Речь Государя дышала миролюбием и «благородной откровенностью», которую в данное время Англия не могла и не желала ценить. Она по пальцам сосчитала, что ей выгоднее было показать миру свое мнимое бескорыстие и воспользоваться откровенностью русского Монарха для своих корыстных целей. Рыцарская натура Императора не переносила лжи и не любила обходных путей. Занимавшие Его мысли Император Николай Павлович высказал изумительно открыто. Его желание изгнать турок из Европы, а также резкий отзыв о Пруссии, и особенно игнорирование других держав, кроме Великобритании (Альфред Рамбо), будучи оглашены в английском парламенте, произвели громадное впечатление и нет сомнения, что сильно содействовали возбуждению общественного мнения Европы в пользу войны.

Император Николай I «не был дипломатом», имел теперь основание сказать гр. Нессельроде, так как в политике едва ли следует возбуждать вопросы об отдаленных случайностях, которые может быть никогда и не осуществятся. «Я бригадный генерал, малосведущий в политических делах», любил говорить о Себе прямодушный Государь.
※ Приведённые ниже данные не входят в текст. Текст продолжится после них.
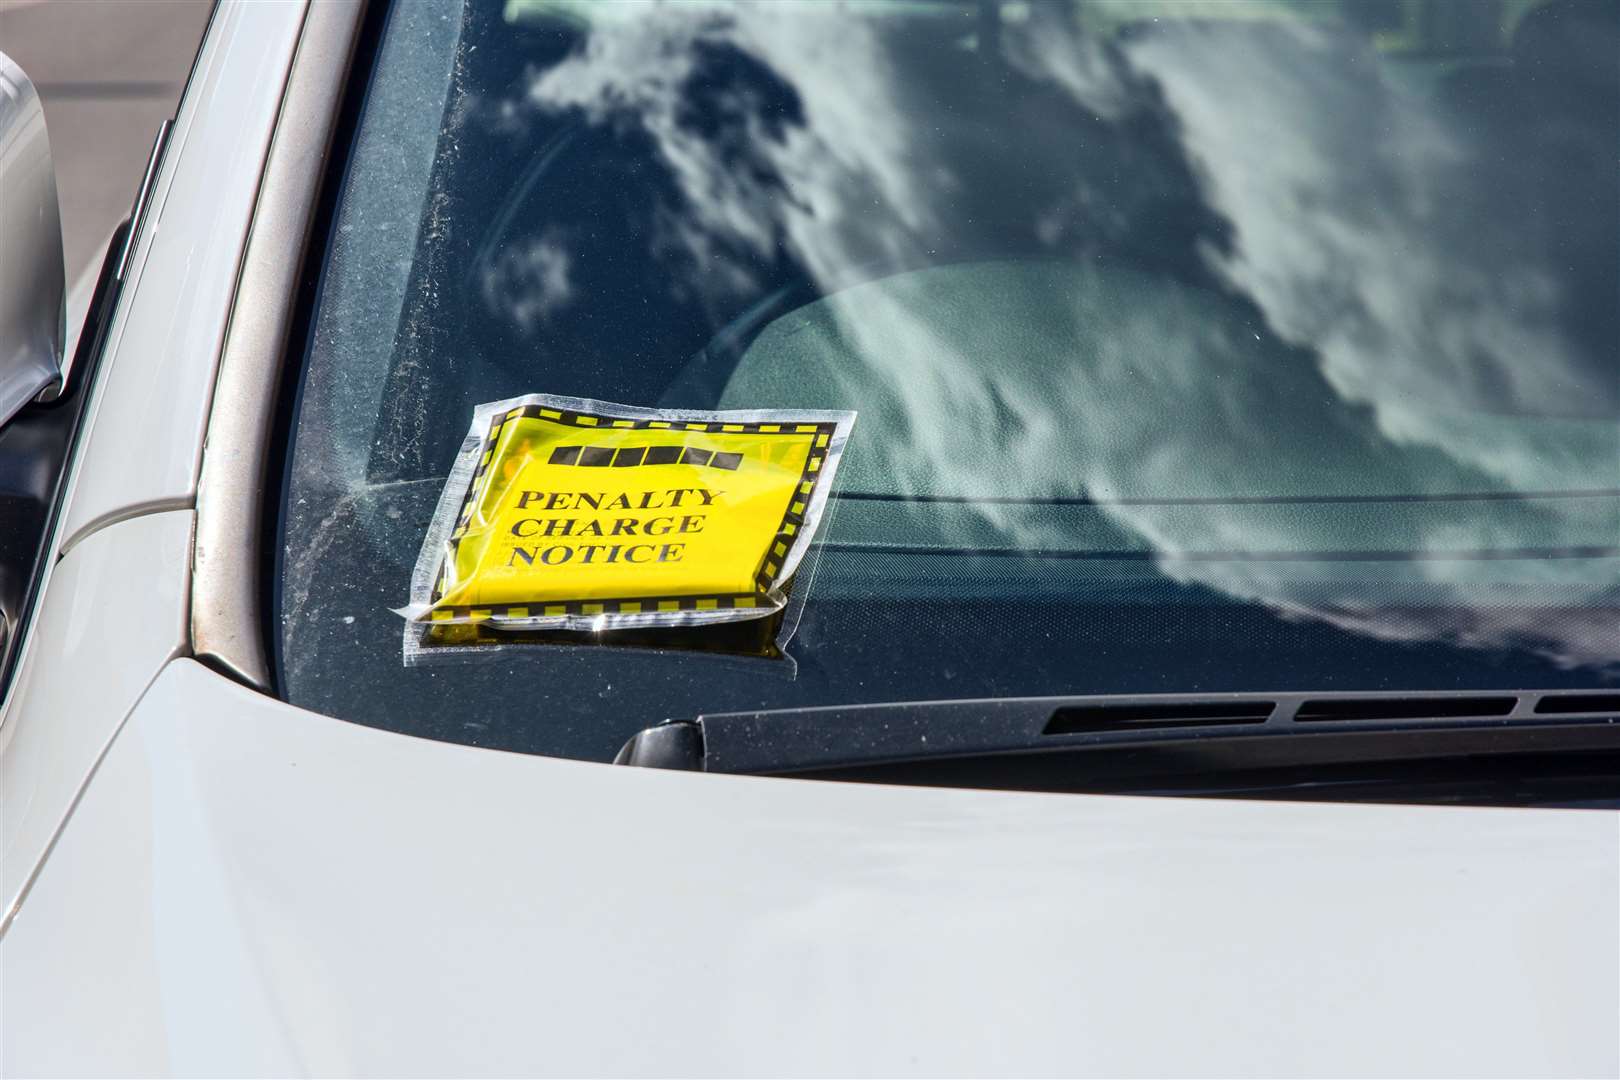 But figures from the council show £1m in parking fines are still unpaid

А между тем Николай Павлович иногда обнаруживал изумительно верное понимание политического настроения того или другого государства; но обстоятельства непосредственно перед Крымской войной подняли Его на такую высоту среди монархов, что Он лишен был возможности пристально всмотреться в те мелкие ходы, которые делались при разных дворах. Не далее, как в 1852 г. влияние России было еще столь громадным, что Император Николай I являлся вроде властителя всей Европы. Он один диктовал ей законы. В Берлине на Него смотрели, как на высшее существо; Франция старалась поддержать в Нем благоприятное настроение; в Англии сообразовались с Его желаниями; «Венгрия была у ног Его Величества»; в Вене, на параде 1852 г., Франц-Иосиф торжественно и почтительно перед фронтом своей армии салютовал Ему, как избавителю австрийской державы от грозной опасности, а в Варшаве тот же молодой Франц-Иосиф, при взгляде на статую Собесского, воскликнул: «Вот первый спаситель Австрии! А Вы — второй! сказал он затем, обратившись к Императору Николаю I. В предположениях о дележе Турции, Император Николай I игнорировал Пруссию и Австрию. «Пруссия везде встречала Россию на своей дороге. Николай I, — писал Ротан, — обращался с ней, как с бедным родственником, не заботясь о том, чтобы щадить её самолюбие. «Пруссия у меня в кармане», — говорил русский посланник в Берлине, барон Будберг, очевидно, усвоив себе несколько высокомерный взгляд на нашу соседку. Францию Император Николай I вообще не признавал опасной, а на Австрию и Пруссию смотрел, как на своих союзников.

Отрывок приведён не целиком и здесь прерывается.